» **ASSIGNED TASK**
The answer is to be an exact copy of the lines below running from the line with "Titel: Die Sicherheitspolitik" down to the line with "Uni Mitsubishi 9800", both ends included, and nothing more.

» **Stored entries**

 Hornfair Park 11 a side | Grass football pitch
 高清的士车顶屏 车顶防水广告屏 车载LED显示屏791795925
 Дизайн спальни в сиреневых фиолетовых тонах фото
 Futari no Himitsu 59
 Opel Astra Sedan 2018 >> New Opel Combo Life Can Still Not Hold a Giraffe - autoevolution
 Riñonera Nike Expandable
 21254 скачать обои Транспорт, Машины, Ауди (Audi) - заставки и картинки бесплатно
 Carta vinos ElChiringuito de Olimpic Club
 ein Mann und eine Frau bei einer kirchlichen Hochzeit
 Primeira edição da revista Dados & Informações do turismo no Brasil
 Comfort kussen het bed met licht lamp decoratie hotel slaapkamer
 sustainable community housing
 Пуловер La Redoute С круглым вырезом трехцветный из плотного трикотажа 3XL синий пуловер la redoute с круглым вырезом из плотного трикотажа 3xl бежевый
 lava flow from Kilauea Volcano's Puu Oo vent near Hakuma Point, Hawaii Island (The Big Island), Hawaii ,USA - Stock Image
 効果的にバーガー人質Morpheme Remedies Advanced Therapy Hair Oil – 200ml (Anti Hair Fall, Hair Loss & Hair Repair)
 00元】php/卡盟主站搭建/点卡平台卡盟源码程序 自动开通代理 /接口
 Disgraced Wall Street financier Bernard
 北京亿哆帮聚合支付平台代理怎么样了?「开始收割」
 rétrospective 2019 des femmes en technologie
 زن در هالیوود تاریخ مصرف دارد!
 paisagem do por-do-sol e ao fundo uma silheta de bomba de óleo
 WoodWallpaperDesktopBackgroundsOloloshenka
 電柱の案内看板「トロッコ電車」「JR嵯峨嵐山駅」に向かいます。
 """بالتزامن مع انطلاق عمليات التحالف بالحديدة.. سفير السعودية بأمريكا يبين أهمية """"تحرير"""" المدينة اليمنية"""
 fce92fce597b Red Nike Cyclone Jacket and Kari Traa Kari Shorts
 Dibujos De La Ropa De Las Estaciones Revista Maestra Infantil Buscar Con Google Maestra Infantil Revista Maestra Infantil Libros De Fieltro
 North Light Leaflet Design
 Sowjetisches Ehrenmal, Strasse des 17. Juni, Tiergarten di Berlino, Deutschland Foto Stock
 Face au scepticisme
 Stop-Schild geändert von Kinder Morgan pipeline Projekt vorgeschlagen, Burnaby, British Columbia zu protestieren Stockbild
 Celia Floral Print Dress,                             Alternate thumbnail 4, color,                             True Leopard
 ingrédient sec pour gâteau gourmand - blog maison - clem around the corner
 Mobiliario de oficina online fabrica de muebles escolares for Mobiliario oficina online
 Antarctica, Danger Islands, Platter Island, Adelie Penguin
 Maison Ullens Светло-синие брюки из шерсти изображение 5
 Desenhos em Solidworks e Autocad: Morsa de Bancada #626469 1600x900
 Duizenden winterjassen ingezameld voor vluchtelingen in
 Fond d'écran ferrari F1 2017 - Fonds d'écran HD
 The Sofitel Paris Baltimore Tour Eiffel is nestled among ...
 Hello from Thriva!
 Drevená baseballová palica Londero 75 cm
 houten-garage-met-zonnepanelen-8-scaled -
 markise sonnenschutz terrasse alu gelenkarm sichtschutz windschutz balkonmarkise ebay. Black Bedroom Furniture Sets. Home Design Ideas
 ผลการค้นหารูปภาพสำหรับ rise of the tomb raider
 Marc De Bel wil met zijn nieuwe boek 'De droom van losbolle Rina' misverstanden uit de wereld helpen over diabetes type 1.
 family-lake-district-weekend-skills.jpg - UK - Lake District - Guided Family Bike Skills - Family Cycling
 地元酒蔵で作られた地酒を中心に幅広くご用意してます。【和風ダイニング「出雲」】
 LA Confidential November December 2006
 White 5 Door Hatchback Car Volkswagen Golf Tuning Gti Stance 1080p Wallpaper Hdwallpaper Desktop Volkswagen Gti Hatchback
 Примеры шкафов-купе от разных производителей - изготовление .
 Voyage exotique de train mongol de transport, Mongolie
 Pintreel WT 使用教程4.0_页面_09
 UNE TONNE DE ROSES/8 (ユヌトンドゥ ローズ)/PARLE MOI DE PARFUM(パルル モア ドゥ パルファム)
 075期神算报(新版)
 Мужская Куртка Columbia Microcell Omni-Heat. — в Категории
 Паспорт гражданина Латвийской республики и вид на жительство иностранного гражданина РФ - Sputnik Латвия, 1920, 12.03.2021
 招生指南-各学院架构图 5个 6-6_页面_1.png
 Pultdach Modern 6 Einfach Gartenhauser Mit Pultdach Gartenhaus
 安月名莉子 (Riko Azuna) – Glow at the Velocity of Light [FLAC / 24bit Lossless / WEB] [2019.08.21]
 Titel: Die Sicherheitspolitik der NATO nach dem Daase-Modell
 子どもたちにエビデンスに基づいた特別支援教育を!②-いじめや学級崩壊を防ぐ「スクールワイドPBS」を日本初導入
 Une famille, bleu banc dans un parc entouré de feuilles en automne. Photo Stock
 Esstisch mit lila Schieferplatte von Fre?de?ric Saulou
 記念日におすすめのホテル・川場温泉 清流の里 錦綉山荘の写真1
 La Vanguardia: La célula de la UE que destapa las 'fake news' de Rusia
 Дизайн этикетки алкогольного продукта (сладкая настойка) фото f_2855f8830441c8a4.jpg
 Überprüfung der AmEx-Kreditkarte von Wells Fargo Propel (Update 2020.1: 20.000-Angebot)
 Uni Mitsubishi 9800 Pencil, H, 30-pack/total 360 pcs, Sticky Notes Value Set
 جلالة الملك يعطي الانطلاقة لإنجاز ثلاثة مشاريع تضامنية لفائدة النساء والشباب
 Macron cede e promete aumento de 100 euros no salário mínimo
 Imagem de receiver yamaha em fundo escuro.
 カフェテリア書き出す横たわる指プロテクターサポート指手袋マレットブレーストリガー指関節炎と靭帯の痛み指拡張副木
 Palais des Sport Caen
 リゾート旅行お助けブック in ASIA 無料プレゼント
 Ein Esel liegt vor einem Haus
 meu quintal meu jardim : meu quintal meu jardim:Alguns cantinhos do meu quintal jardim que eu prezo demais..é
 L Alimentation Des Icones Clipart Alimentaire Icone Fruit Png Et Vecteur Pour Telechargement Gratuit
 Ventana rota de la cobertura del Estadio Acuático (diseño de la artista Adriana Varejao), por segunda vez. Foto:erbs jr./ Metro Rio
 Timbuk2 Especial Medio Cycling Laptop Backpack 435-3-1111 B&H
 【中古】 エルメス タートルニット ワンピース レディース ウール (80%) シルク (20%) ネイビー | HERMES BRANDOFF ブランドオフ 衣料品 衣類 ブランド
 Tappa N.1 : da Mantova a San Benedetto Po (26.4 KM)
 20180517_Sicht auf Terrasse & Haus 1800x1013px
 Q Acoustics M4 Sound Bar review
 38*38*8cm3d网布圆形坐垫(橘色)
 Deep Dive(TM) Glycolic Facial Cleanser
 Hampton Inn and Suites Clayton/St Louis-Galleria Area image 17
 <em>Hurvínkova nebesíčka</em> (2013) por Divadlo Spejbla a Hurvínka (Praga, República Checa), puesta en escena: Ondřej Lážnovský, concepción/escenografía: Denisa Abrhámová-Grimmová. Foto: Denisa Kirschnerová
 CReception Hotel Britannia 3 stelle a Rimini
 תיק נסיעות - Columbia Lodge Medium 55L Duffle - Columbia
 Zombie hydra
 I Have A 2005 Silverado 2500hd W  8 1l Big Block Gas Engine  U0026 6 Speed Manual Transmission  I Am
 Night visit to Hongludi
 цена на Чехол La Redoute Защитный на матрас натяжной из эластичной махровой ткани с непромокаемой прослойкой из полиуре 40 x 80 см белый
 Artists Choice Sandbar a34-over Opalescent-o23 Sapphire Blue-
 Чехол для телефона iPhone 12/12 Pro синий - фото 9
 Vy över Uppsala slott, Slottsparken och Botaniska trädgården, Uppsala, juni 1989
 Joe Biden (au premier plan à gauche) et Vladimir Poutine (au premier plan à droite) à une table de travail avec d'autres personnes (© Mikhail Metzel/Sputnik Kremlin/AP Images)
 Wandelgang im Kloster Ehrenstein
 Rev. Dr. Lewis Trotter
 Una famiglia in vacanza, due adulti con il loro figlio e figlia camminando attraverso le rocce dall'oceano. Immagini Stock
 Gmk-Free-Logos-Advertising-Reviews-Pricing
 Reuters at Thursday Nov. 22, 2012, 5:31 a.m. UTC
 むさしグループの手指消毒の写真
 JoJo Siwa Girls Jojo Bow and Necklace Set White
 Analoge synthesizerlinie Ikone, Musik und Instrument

» **ANSWER TO THE PROBLEM**
 Titel: Die Sicherheitspolitik der NATO nach dem Daase-Modell
 子どもたちにエビデンスに基づいた特別支援教育を!②-いじめや学級崩壊を防ぐ「スクールワイドPBS」を日本初導入
 Une famille, bleu banc dans un parc entouré de feuilles en automne. Photo Stock
 Esstisch mit lila Schieferplatte von Fre?de?ric Saulou
 記念日におすすめのホテル・川場温泉 清流の里 錦綉山荘の写真1
 La Vanguardia: La célula de la UE que destapa las 'fake news' de Rusia
 Дизайн этикетки алкогольного продукта (сладкая настойка) фото f_2855f8830441c8a4.jpg
 Überprüfung der AmEx-Kreditkarte von Wells Fargo Propel (Update 2020.1: 20.000-Angebot)
 Uni Mitsubishi 9800 Pencil, H, 30-pack/total 360 pcs, Sticky Notes Value Set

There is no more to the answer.